At Cloud Expo in New York City this week, the buzz is obviously about cloud, but the other hot topic (as if you haven’t heard it yet) is Big Data – the vast amounts of information being created everyday that businesses are leveraging for critical insights that were before unseen.
At this point, business leaders are starting to realize they can use the cloud to glean key insights into the data they own, but figuring out how to master that information and actually use it for business intelligence is the next step. Organizations in every industry, regardless of size or geography are embracing cloud computing as a way to reduce the complexity and costs associated with traditional IT approaches.
During the “Big Data and The Cloud” session on Tuesday afternoon at the Javits Center, IBM’s (News - Alert) Vice President of Big Data and Information Management, Anjul Bhambhri, discussed the next phase in Big Data: determining how to monetize the data companies have.
According to Bhambhri, cloud-based, “real-time” analytics can help save more than 50 percent in business insight-related costs, and collaborative business process services can help increase employee productivity by 25 percent.
But first, a look at where this so-called Big Data is coming from…
By its nature, it is considered “noisy” data, with no structure, growing in very large volumes. The numbers are staggering, in fact: 12+ billion terabytes of tweet data are created every day; 25 billion terabytes of Facebook (News - Alert) log data is created every day; there are 4.6 billion camera phones worldwide; there are 76 million smart meters worldwide; and there were over two billion people on the Web by the end of 2011.
“Analyzing this data doesn’t lend itself well to the structured world – the character of the data makes it difficult,” Bhambhri said. “There is this desire that the data needs to be leveraged, but something is preventing that from happening.”
Clearly there is extremely large volume of data being generated, but how do companies analyze data that has no structure?
According to Bhambhri, this new era of computing requires information from everywhere, radical flexibility and extreme scalability. Most companies are only leveraging a subset of the data that they are using in the enterprise and don’t have the capabilities to look at the whole pool. The challenge for organizations lies in the makeup of the data – it’s often fractured so it doesn’t lend itself to existing databases to analyze the data and leverage it for business use.

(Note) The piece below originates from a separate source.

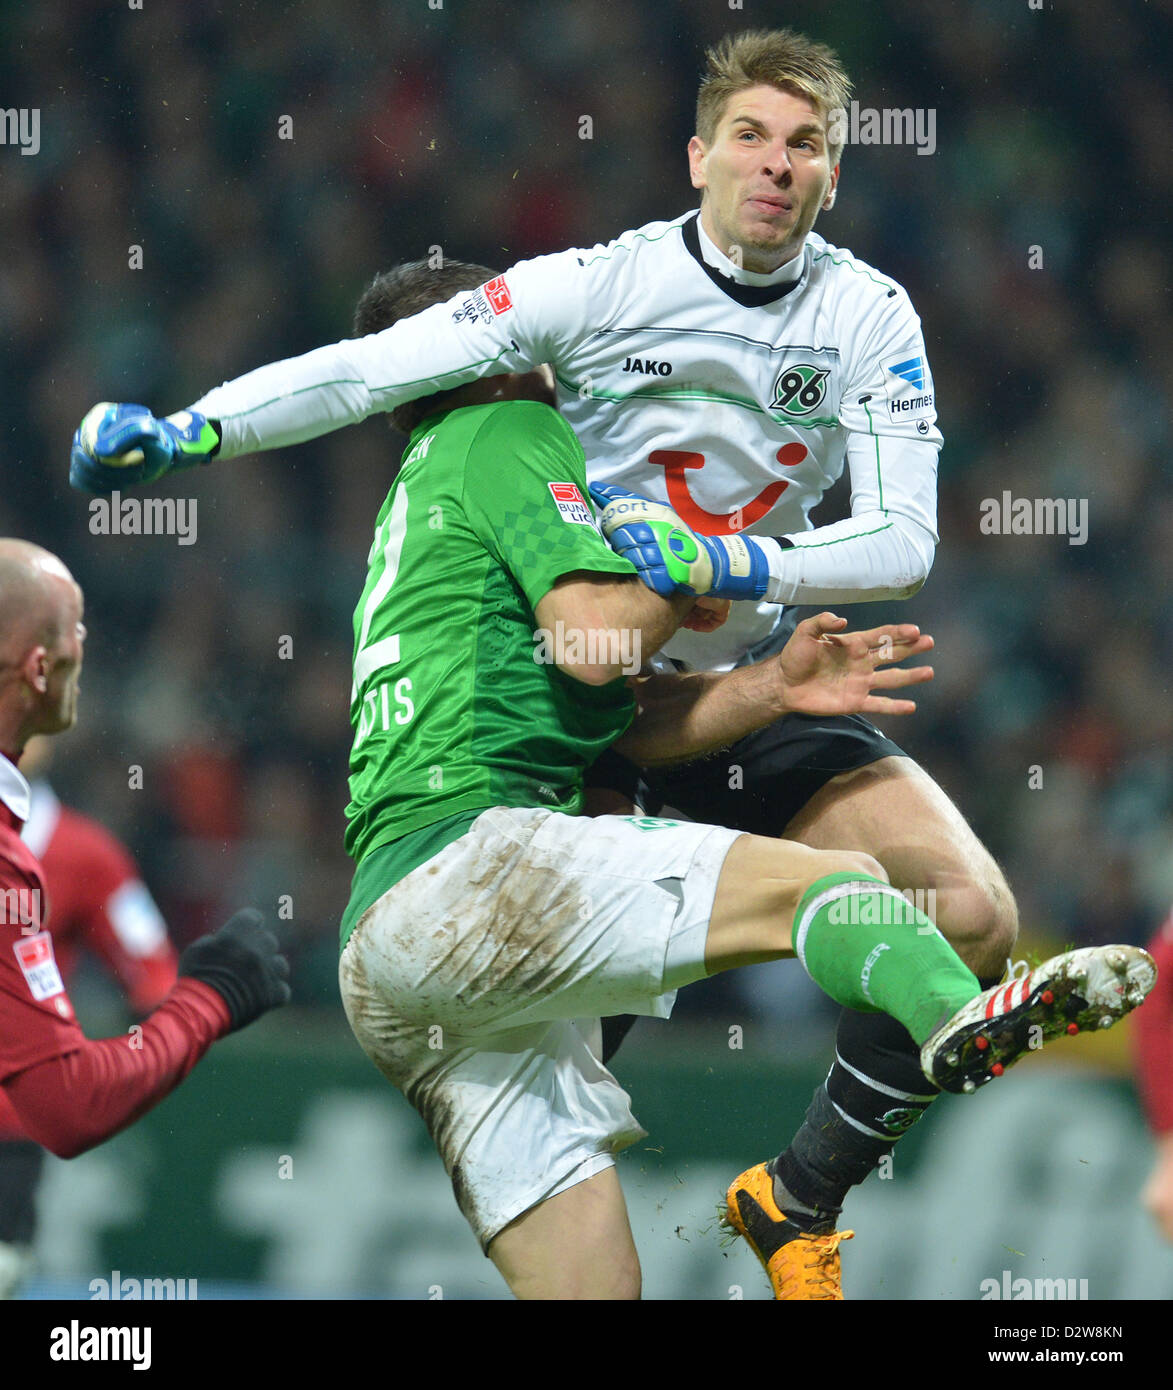 Werder's Sokrates (L) vies for the ball wth Hannover's goalkeeper Ron-Robert Zieler during the Bundesliga soccer match between Werder Bremen and Hannover 96 at Weser Stadium in Bremen, Germany, 01 February 2013. Photo: Carmen Jaspersen Stock Photo

With log data, for example, “the challenge is not just when you are done analyzing the infrastructure, but it has to be able to scale because there is more data coming in,” Bhambhri said.
Furthermore, exploring Big Data and using it for insights needs to go beyond IT – other areas of the business are involved, including the marketing division, financial analysts, billing dept., etc.
The data pouring into all areas of businesses is not new, but the volume is unprecedented.
Adding to the complexity is the rise of smartphones, which is increasing the volume of call data among businesses.
“It’s not that the data is new, there are business reasons why it’s important that this data be analyzed, ingested and that insights be gained from this data,” said Bhambhri. “The biggest line of business wants to have access to these insights.”
Getting this data into some kind of a cluster is the first challenge. Having a Big Data platform is where cloud is playing a role – organizations need to have this data in one central place and all of the data integrates into existing siloes.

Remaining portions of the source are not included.